Desde B ø do, el centro administrativo de la zona,
también es posible alguna buena esquiada. El Mj
ønestind (1.058m) es la mas cercana a la ciudad.
Una cumbre familiar que los fines de semana se convierte
en una auténtica fiesta.
En estas latitudes ya se respira el Ártico: inviernos
de nueve meses y temperaturas bajo cero durante
prácticamente todo el año. Aquí la nieve polvo está
asegurada pero el frío puede trastocar algunas salidas.
Temperaturas de -20ºC son normales. La mejor
época va de finales de marzo a finales de abril.
Su base de operaciones es Troms ø, una pequeña
ciudad con una biblioteca enorme y uno de los aeropuertos
más al norte del continente.
La cumbre clásica entre los freeriders de fin de semana
partiendo de la ciudad es el Tromsdaltiden
(1.238m). Una soberbia esquiada de 1.000 metros de
desnivel con muchas posibilidades. Se accede desde
Troms ø en apenas 20 kilómetros a través del valle
de Tromsdalen.
Pero si hay una zona con magia al norte de Noruega
esa es la península de Lyngen. Una isla alargada y
trazada de norte a sur unida al continente por un pequeñísimo
istmo de tierra.
Aquí las posibilidades se multiplican exponencialmente.

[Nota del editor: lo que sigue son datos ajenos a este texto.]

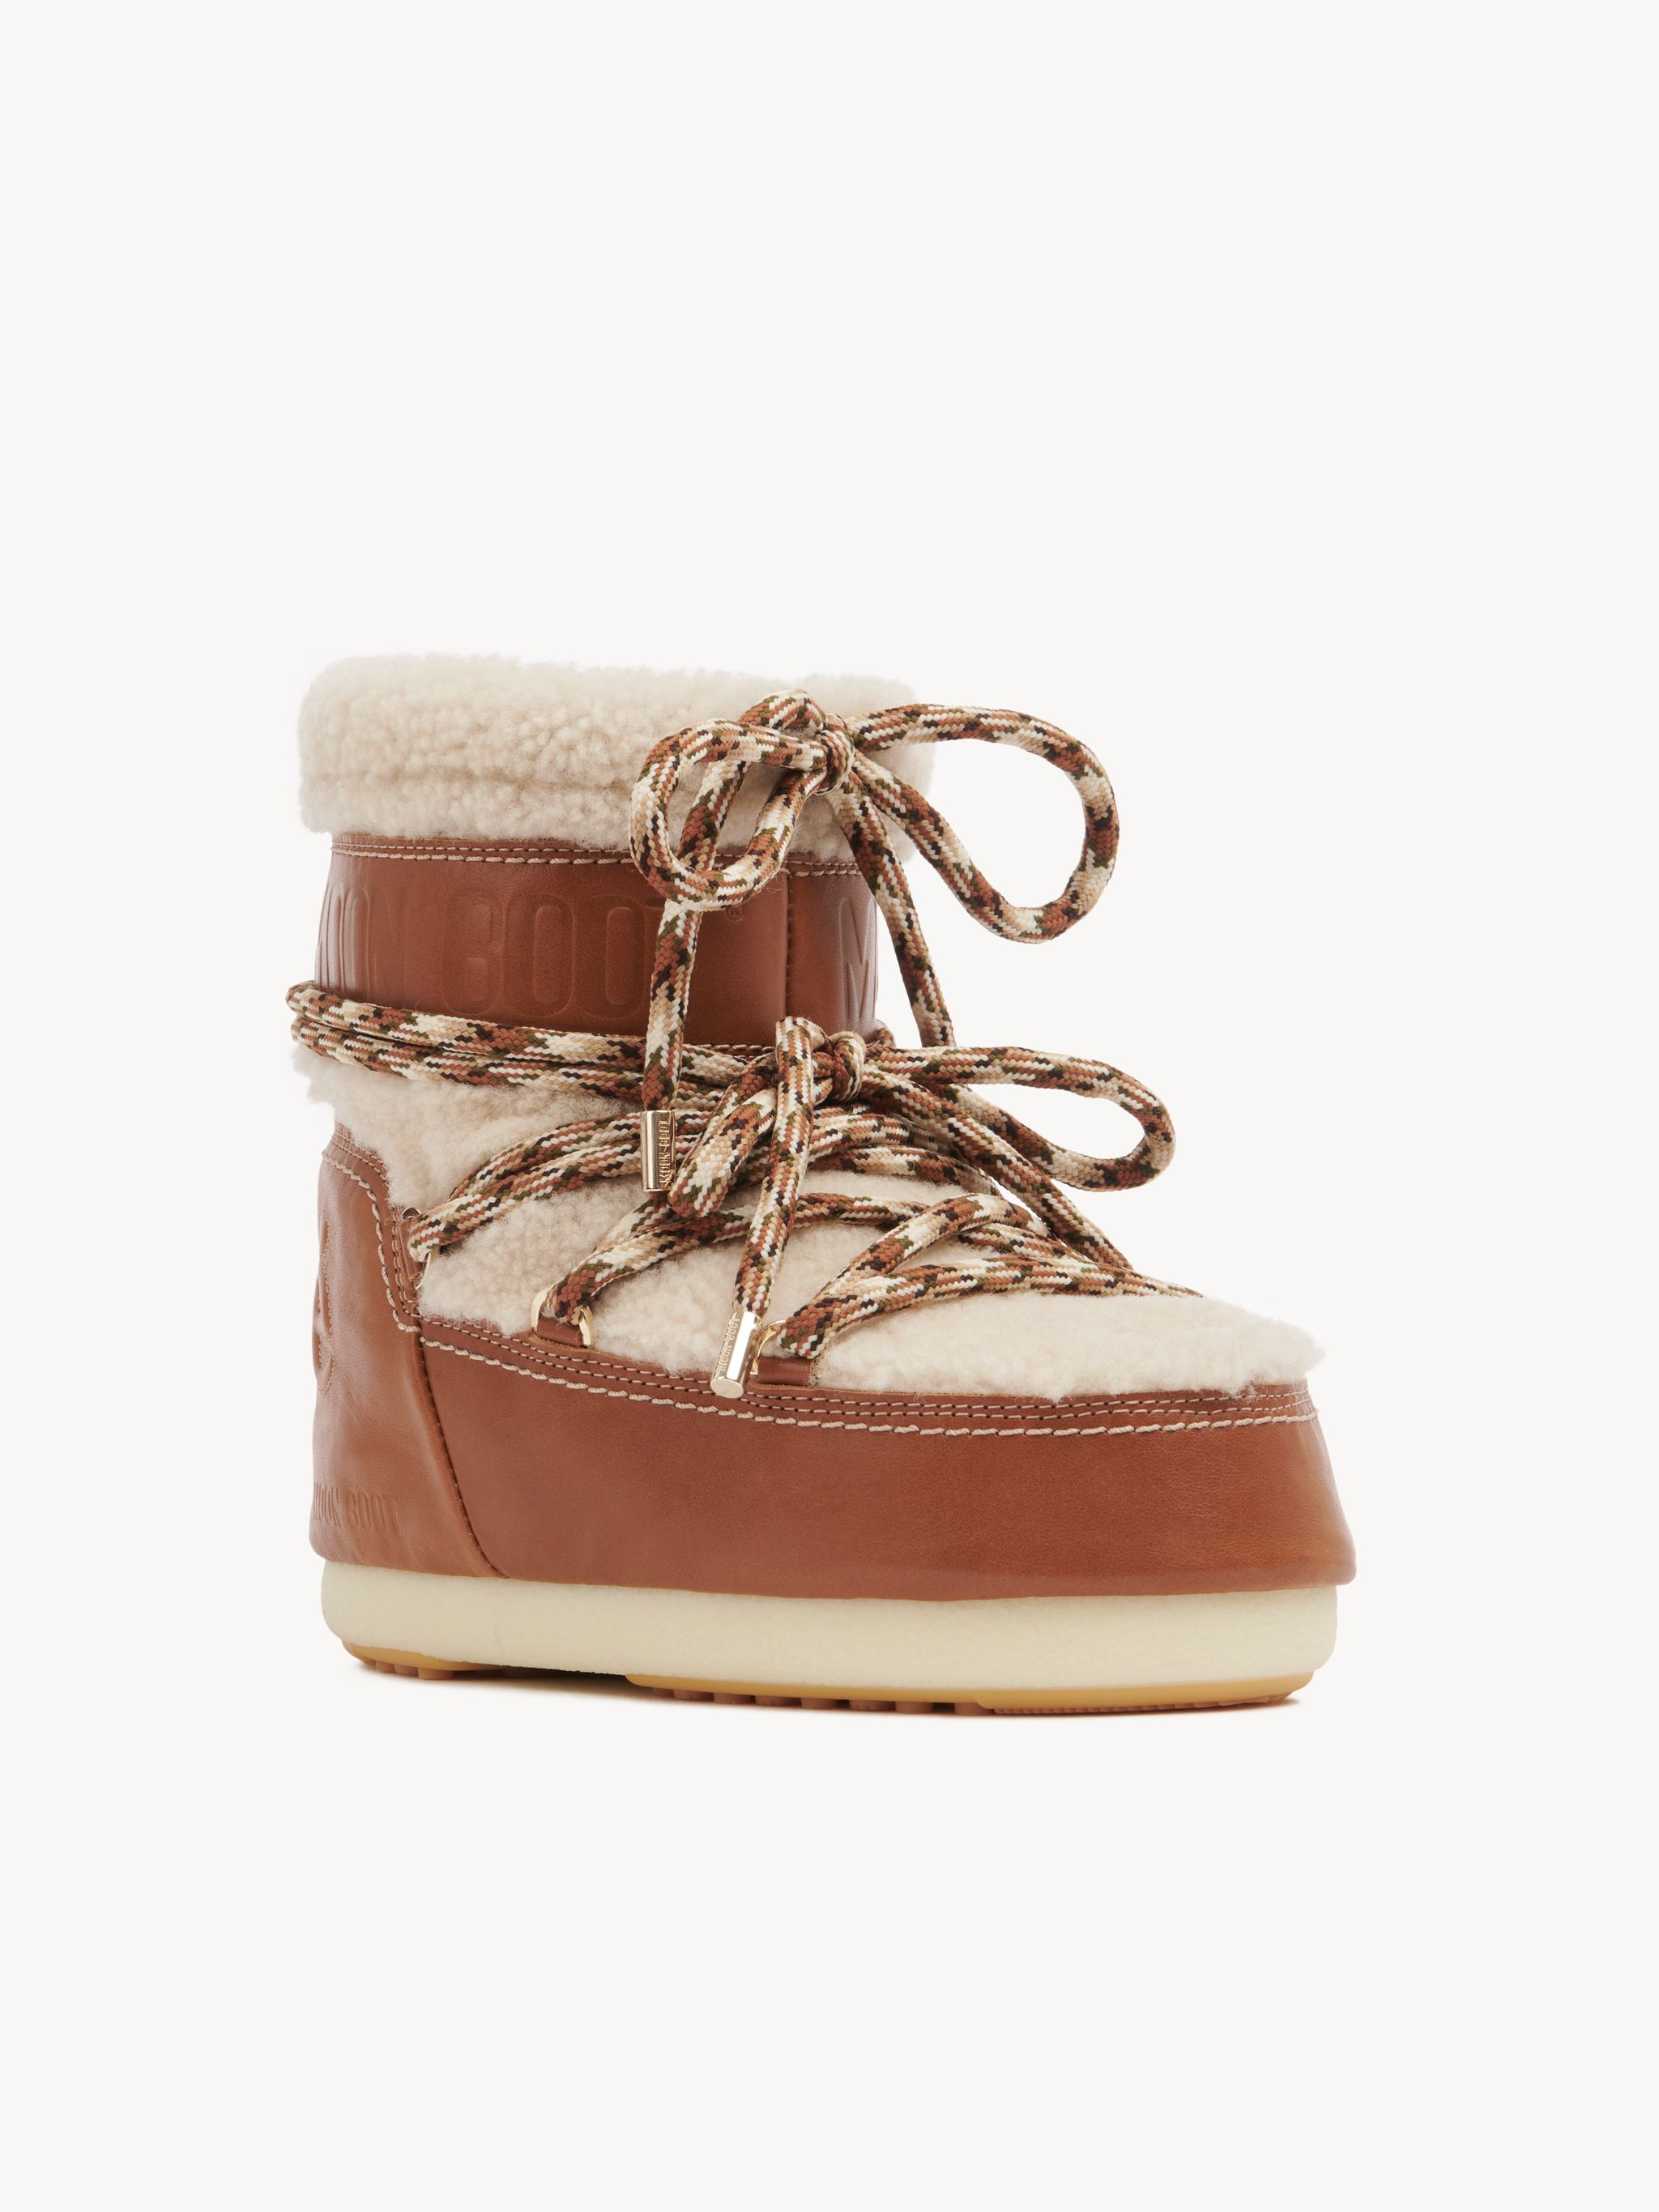 Chloé Cream Shearling Boots

Desniveles pronunciados y considerables hacen
las delicias de cualquier amante del esquí.
El Daltinden (1.52 m) dibuja un recorrido imaginado
y soñado por cualquier esquiador: casi 1.200 metros
de descenso ininterrumpido sobre una pendiente de
libro con nieve polvo asegurada en su vertiente norte.

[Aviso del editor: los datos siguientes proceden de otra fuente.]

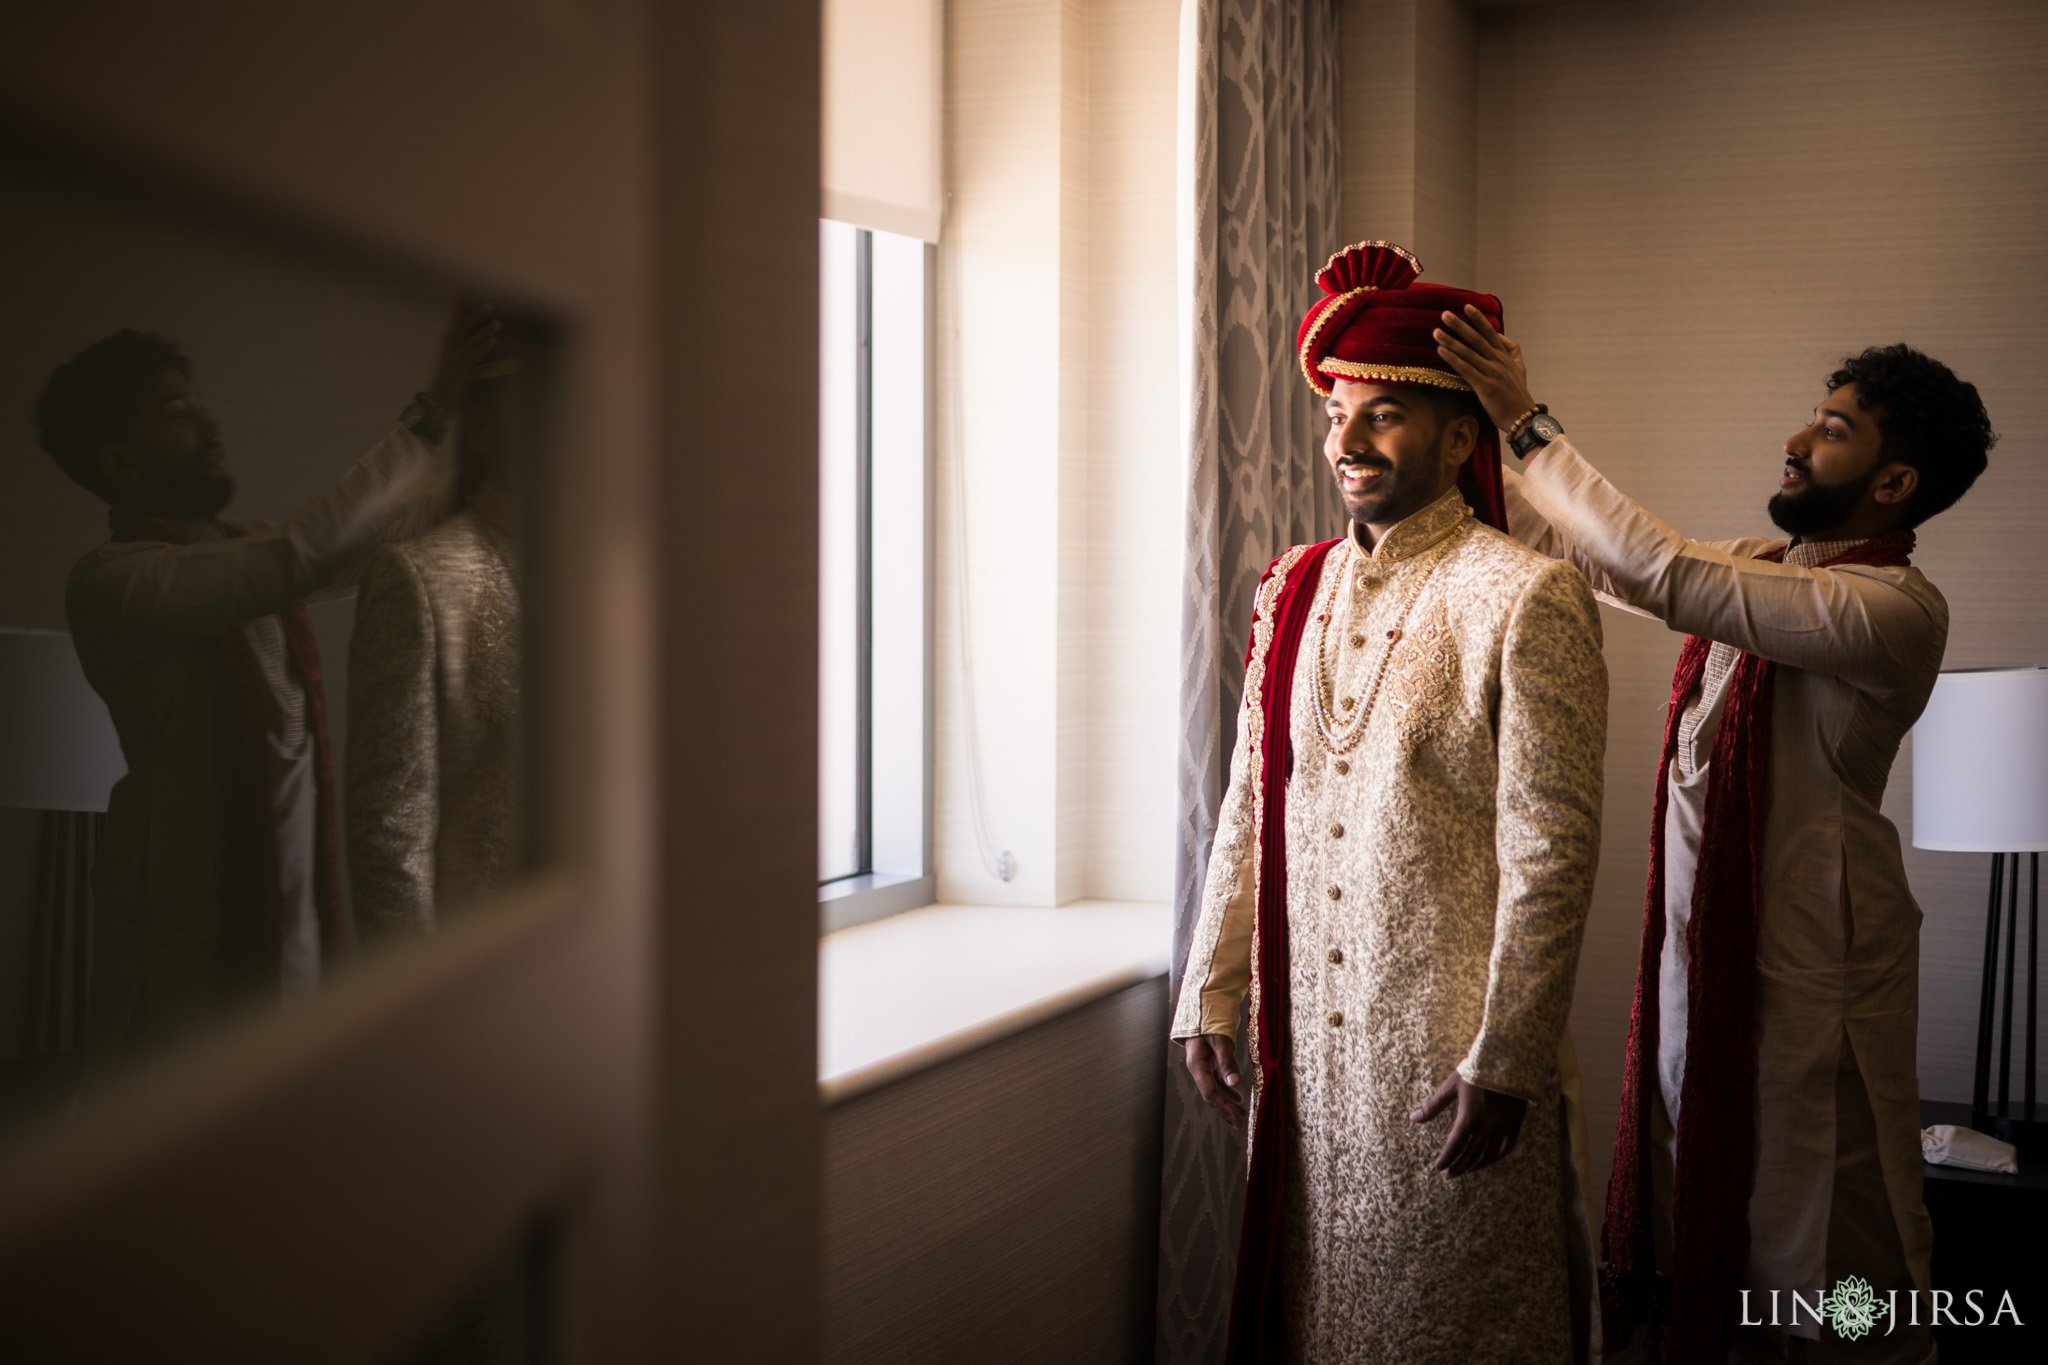 008 san jose marriott indian wedding photography

Es tal la calidad de este “antro” de perdición para
esquiadores que subimos en el mismo día dos veces
su pala cimera.
Un mapa nos ayudará a buscar docenas de posibilidades
en los recovecos de su geografía: el Jiehkkevarri
(1.834m), su punto más alto, que exige un nivel
técnico alto y un desnivel abultado para ascender a
su cumbre. El Storgalten (1.219m), faro natural del
norte de la isla, espectacular y muy venteado, y que
presenta un desnivel directo hasta el mar. Y más cimas:
Tafeltind (1.395m), Istinden (1.495m) y su brutal
descenso directo hasta la playa, o Kavringtinden
(1.289m).
Son sólo algunas pistas. ¡Queda tanto por explorar!
Noruega tiene más de 2.500km de norte a sur. Y toda
su geografía parece haber sido creada para esquiar.
Hace cuatro años compartíamos una cálida conversación
con Arne despues de bajar del Rundfjellet, en
Lofoten. Un maravilloso día de esquí, de nubes, de
nieve polvo. Al llegar abajo y despedirse, con el coche
repleto de esquís y botas, bajo la ventanilla y nos dijo:
“recordad que la esencia del esquí no es otra que
“ser” nieve; quien lo consigue , flota en la nieve polvo
más que el resto”.
Noruega es única. Y su nieve también.